Danielle Cécile est également intriguée par l’opposition que certains font entre promoteurs privés et ceux issus du secteur public ou de la collectivité. Tous les logements sont construits par des particuliers, note-t-elle. « L’OHMH et le sociocommunautaire, lorsqu’ils veulent réaliser un projet immobilier, ils font affaire avec des entrepreneurs privés. »

Le logement, un combat social

Danielle Cécile s’est donné pour mission de faire en sorte que chacun puisse avoir un logement sain et abordable lorsqu’elle était adolescente, après avoir récupéré des enfants pour les amener dans un camp de vacances. « C’était assez bouleversant de voir où vivaient les enfants », se souvient-elle. Des maisons où la cuisine était sale. La salle de bain était un placard avec toilettes. Pas de lavabo, pas de baignoire, pas de douche.

Des obstacles, elle en a vu de toutes sortes pendant 45 ans, dit-elle, que ce soit à Montréal ou ailleurs, ayant notamment travaillé à la Fédération de l’habitation coopérative du Canada. Pas de quoi toutefois décourager celle qui se définit comme une « fixeret qui s’épanouit dans la résolution de problèmes.

Un jeune enfant qui a besoin d’un endroit pour grandir ou une personne âgée qui a besoin de vivre dignement est un puissant facteur de motivation.

Danielle Cécile, ancienne directrice générale de l’Office municipal d’habitation de Montréal

Sa plus grande fierté ? La Résidence des Ateliers, qui compte 193 logements sociaux et abordables et abrite les bureaux de l’OMHM, où Métro rencontré le nouveau retraité. « On a construit sur une station de métro et une boucle d’autobus, en temps de pandémie, le plus gros projet de logements sociaux qui n’ait jamais été fait au Québec, se réjouit-elle. Ensuite, nous l’avons terminé dans les limites du budget […] et à l’heure. »
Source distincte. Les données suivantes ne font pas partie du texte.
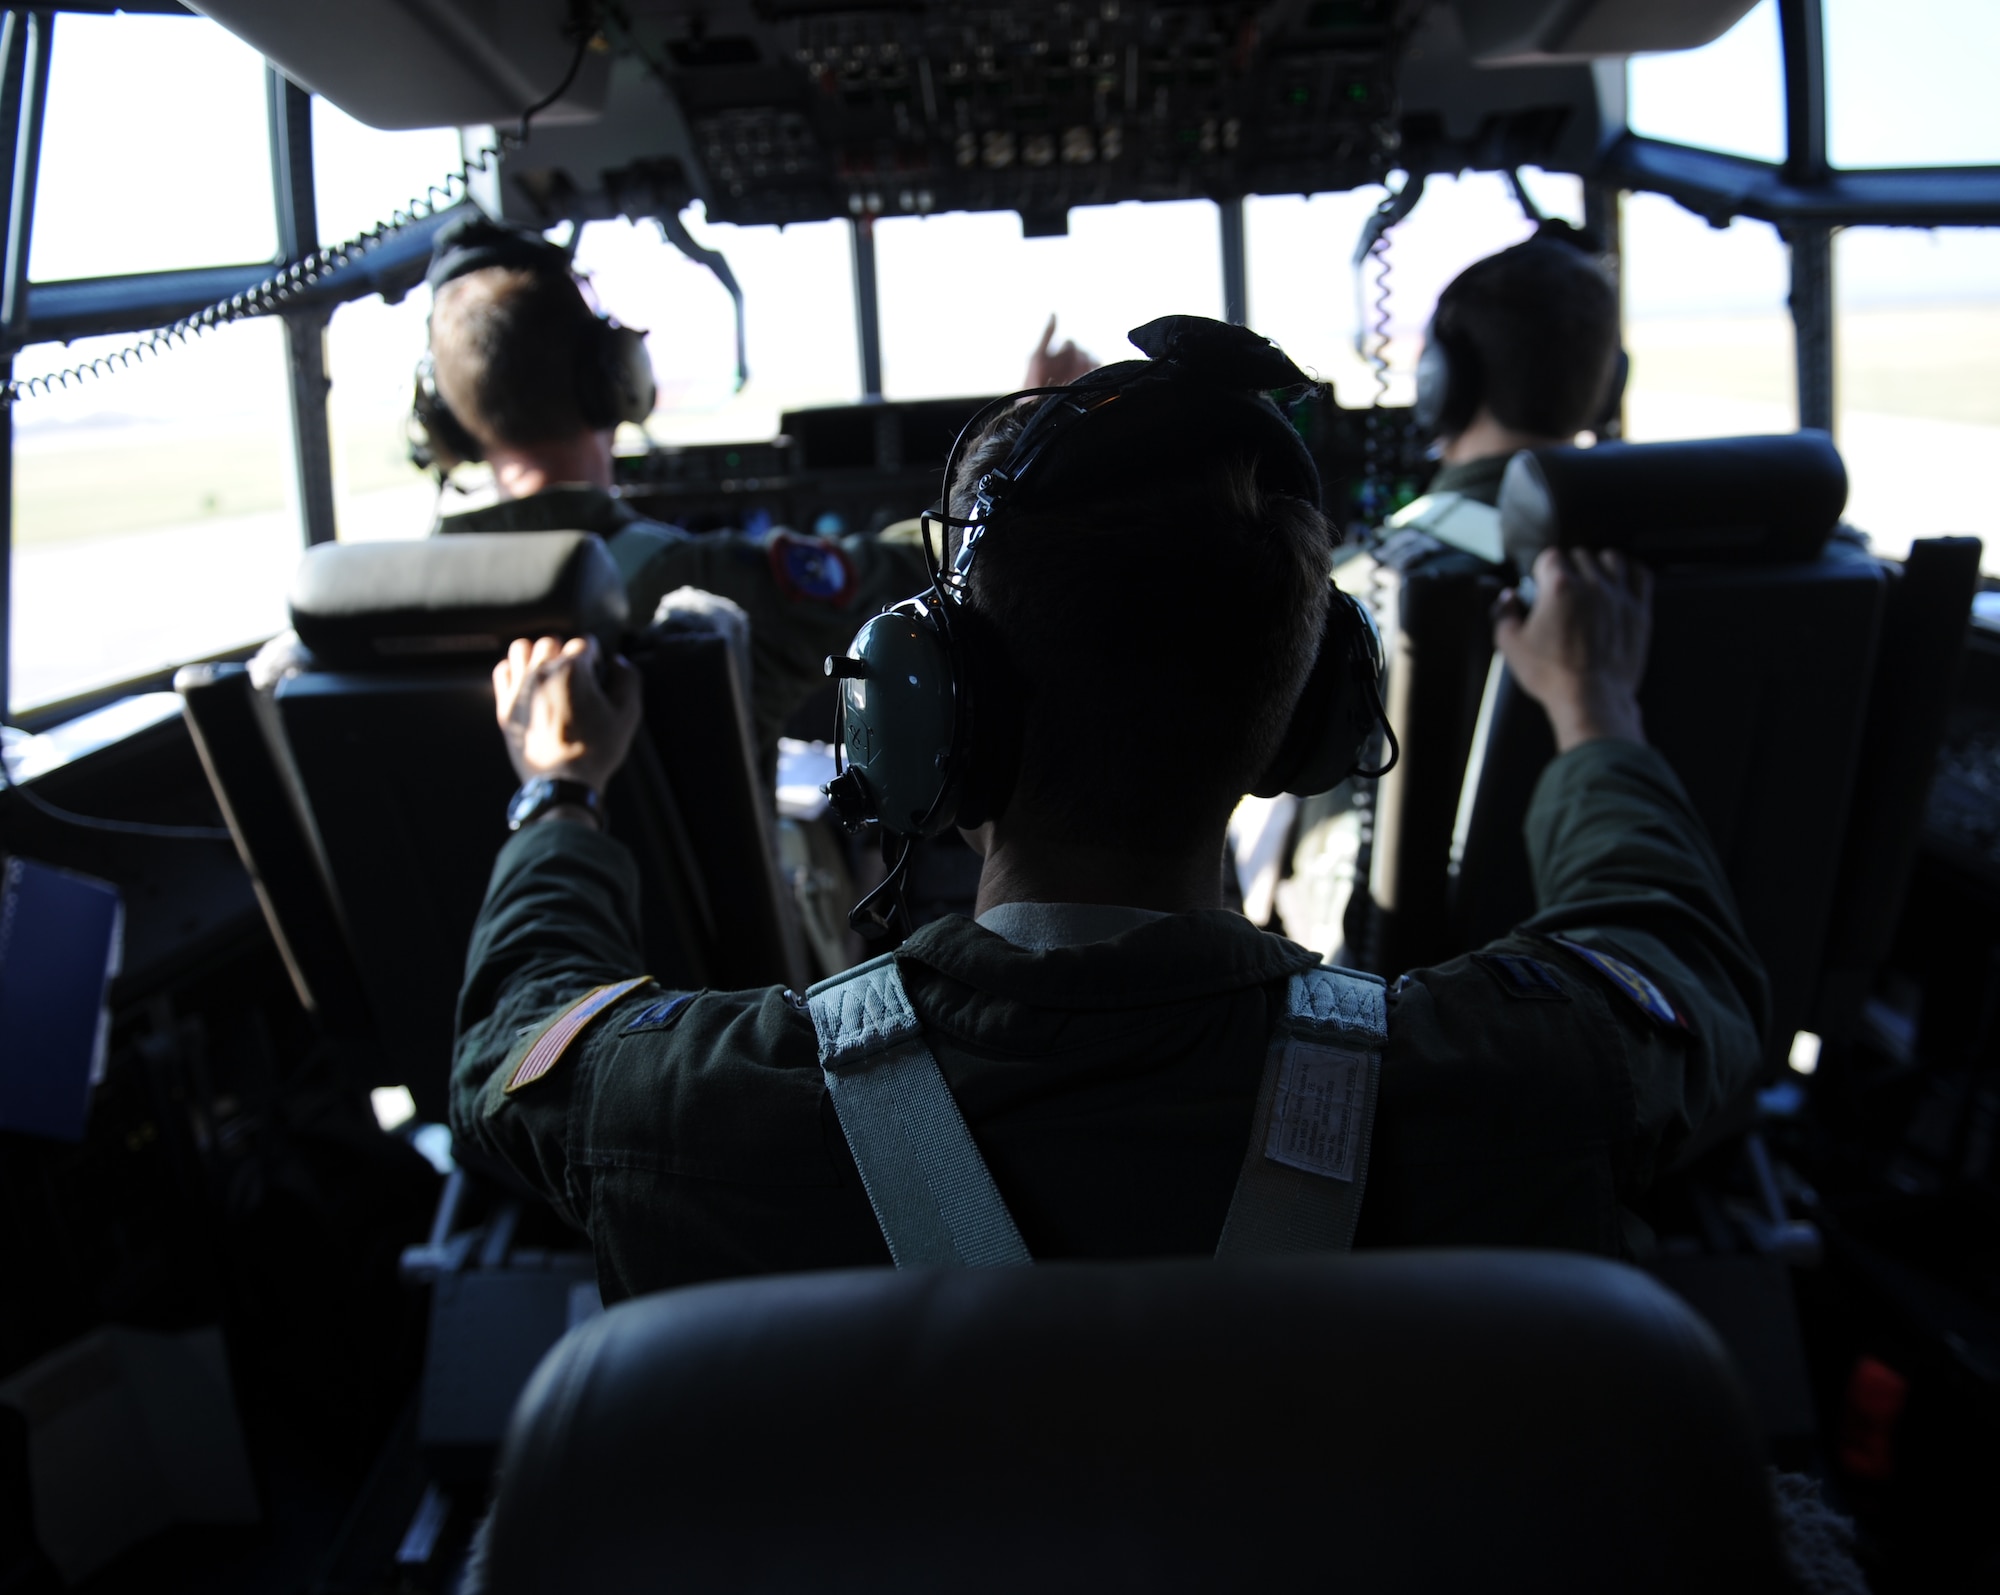 U.S. Air Force pilots prepare for takeoff in a C-130J Super Hercules July 23, 2014, at Dyess Air Force Base, Texas. Two 317th Airlift Group C-130Js successfully employed air-to-air tactics against an F-16 Fighting Falcon during a training exercise en route to Naval Air Station Joint Reserve Base Fort Worth, Texas. (U.S. Air Force photo by Airman 1st Class Kedesha Pennant/Released)

« Je suis en paix avec la décision [de prendre ma retraite], mais ça me fait mal de partir, dit-elle. Il y a encore du travail à faire et j’ai encore beaucoup d’énergie.

À travers les projets immobiliers disséminés dans la métropole qu’elle a laissés derrière elle, Danielle Cécile a marqué de son empreinte le paysage montréalais. Marque qui se fait surtout sentir parmi les plus invisibles, qu’elle n’a jamais oubliés.